Small Town Radio Advertising:
How To Make It Work For You


by Tom Egelhoff

In small and medium sized towns radio can be a real bargain. Even so that doesn't mean being on radio will generate instant sales for your business. Like any other form of advertising and marketing there are do's and don'ts that apply. Here are a few tips to consider before making the plunge into radio advertising.


How to Make Small Town Radio Formats Work For You

Radio formats are all over the board. Talk radio, easy listening, rock, country, new age, rap -- the list goes on and on. Which should you be on? Look at yourself. What stations do you listen to? Why? There is a specific sound you like and that's what you listen to. Follow me here for this is very important.

The sound of your commercial should not deviate from the sound of the station. What do I mean by that? Would you try and sell season tickets to the symphony on a country western station? Would the sounds be contradictory? Would the listeners tune out the symphony?

The point to keep in mind is you may have to create different ads for different stations. If your budget won't allow the expense, consider using the local DJ to read your copy live during the show. The listeners will be used to the voice and it will give your spot a certain credibility. This will not work with stations that are run by computers and have no live DJ's. If that's the case you may have to make a custom spot for these stations.



Reach Your Ideal Customer with Small Town Radio Ads

The bottom line in any advertising is not how many people you reach but how many buyers you reach. There's a difference. Radio stations work in demographics. Nothing wrong with that. Each station has a profile of their average listener. An audience may be males, 24-50, college educated, etc. That may be the people you want to reach but are they active buyers?

Stations also rely on ratings. Ratings are studies taken at various times of the year and stations base their advertising rates on numbers of listeners during these "rating periods." You may have heard of the "May Sweeps" that TV does. Stations also do their heaviest promotions during these "sweeps" to inflate the listenership.

In Bozeman, MT, my home town, we have 12 stations that reach around 50,000 listeners. The most popular are the talk radio station and the modern country station. If I'm selling Cadillacs which should I choose? Ratings and demographics aren't much help here are they? But what if the talk radio audience has a yearly income in excess of $60,000 and the modern country is only $20,000. Now which station would you choose? See, it really doesn't matter whose number one but who reaches the target audience you want to reach and who have the bucks to buy your product.



Cost Per Thousand? Cost Per Customer? How to Save

Radio cost are based on cost per 1,000 listeners to a particular show. What we are more interested in is the cost per customer. How many customers will our spots bring in and how much will they buy? Three spots at $10.00 each ($30.00) produce one customer who spends $20.00 at our store. What's that worth? A $10.00 loss is what it's worth. It really doesn't matter how many we reach only how many buy, and can we profit from the advertising.



Don't Do It Yourself

How many times have you heard some car dealer or store owner trying to do their own commercials? Usually it's something they think is really funny but turns out to be just plain dumb. Or it's obvious they are just reading copy. It's not their own words and it sounds robotic. Why people do this is beyond me. You run a professional organization have a professional radio image. Have the experts do it. They don't try and do your job, don't do theirs.
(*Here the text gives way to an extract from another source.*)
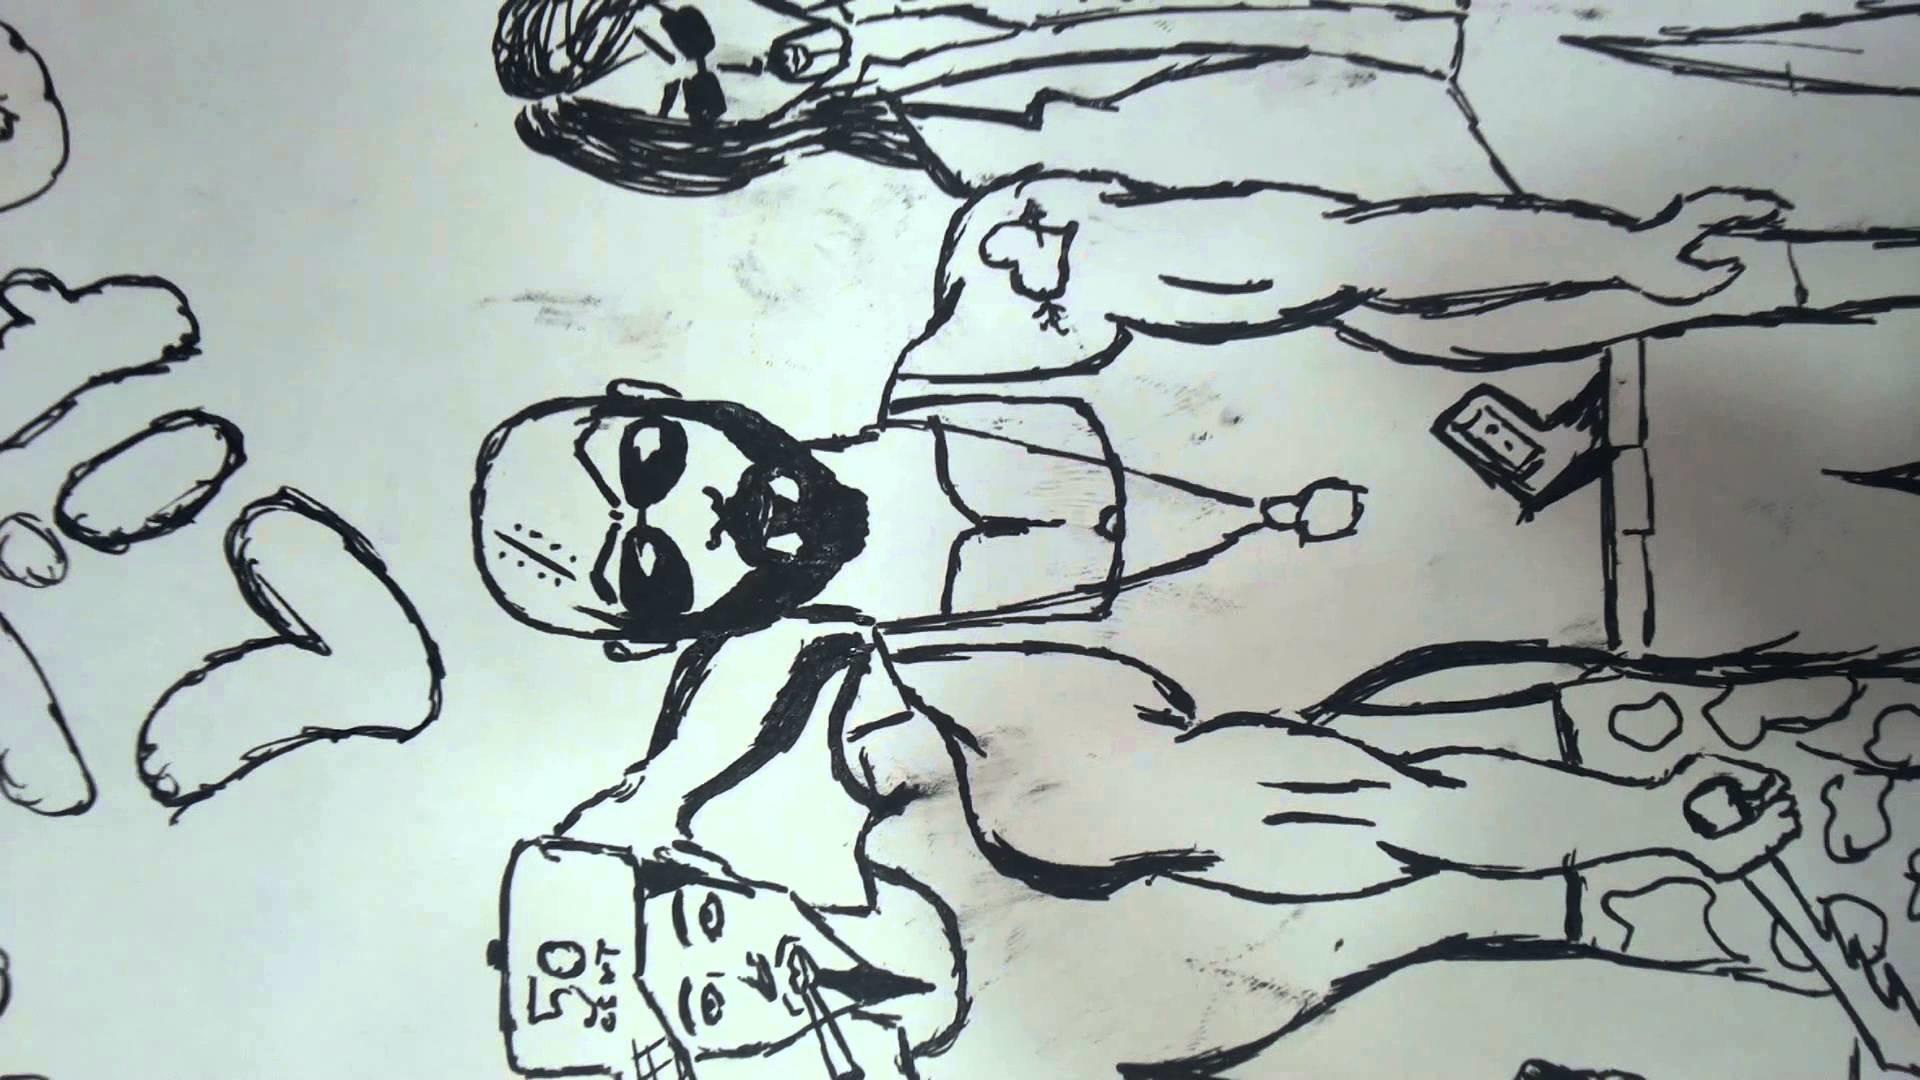 Thug life drawing

Small Town Radio Advertising Can Be A Real Bargain

What should it cost to be on the radio? Here in Bozeman, MT spots can go for as little as $3.00. In large cities the costs are out of reach for the average small business. Most stations will base costs on where they are in the ratings versus other stations. Top stations usually command the most.



Small Town Radio: A Public Relations Tool?
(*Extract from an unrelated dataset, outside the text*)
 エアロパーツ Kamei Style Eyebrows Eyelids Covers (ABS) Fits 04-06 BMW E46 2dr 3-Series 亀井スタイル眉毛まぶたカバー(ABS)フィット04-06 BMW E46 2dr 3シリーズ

The talk radio station here in Bozeman, gives 20 minutes of free time weekly for a business to promote their product or service. It's call the "Business Spotlight." If your town doesn't do it you might suggest it to your local station. Stations may read copy of news items about your company during their newscasts. Many will not accept PSA's (Public Service Announcements) for a for-profit business but if you buy airtime they sometimes miraculously show up.
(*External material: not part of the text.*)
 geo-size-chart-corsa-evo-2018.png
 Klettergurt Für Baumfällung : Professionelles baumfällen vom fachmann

Send the station news director or public affairs director "sound bites" (short one liners that Ross Perot made famous). They aren't going to use a fifteen minute tape of anything you have to say. If you're doing something in public, let them know, they may want to cover it and report on it later. Edit tapes of speeches to highlight the points you want to cover.

Provide hard copy (paper) transcripts which they may read on the air instead of your tape. Cover all bases. If you can set up a weekly call-in show do it. Most listeners are loyal to their stations and your business will have instant credibility. Perhaps you can open and close something like a market report show. CPA's, medical, attorney's, all are naturals for call-ins. The idea is create customers. People will feel they already know you from your show.



Last But Not Least, Low Cost Radio Money Savers

Compare the costs of a 30 second spot against a 60 second spot. One 60 second spot is usually only 20 to 30% more than a 30 second spot. Use 60's whenever possible. It may be possible to trade product for advertising time. Stations are always looking for promo items and giveaways. They may trade for all or part of your time.

Radio is one of the best values for the small business person to get the word out. Do your homework and make it work for you.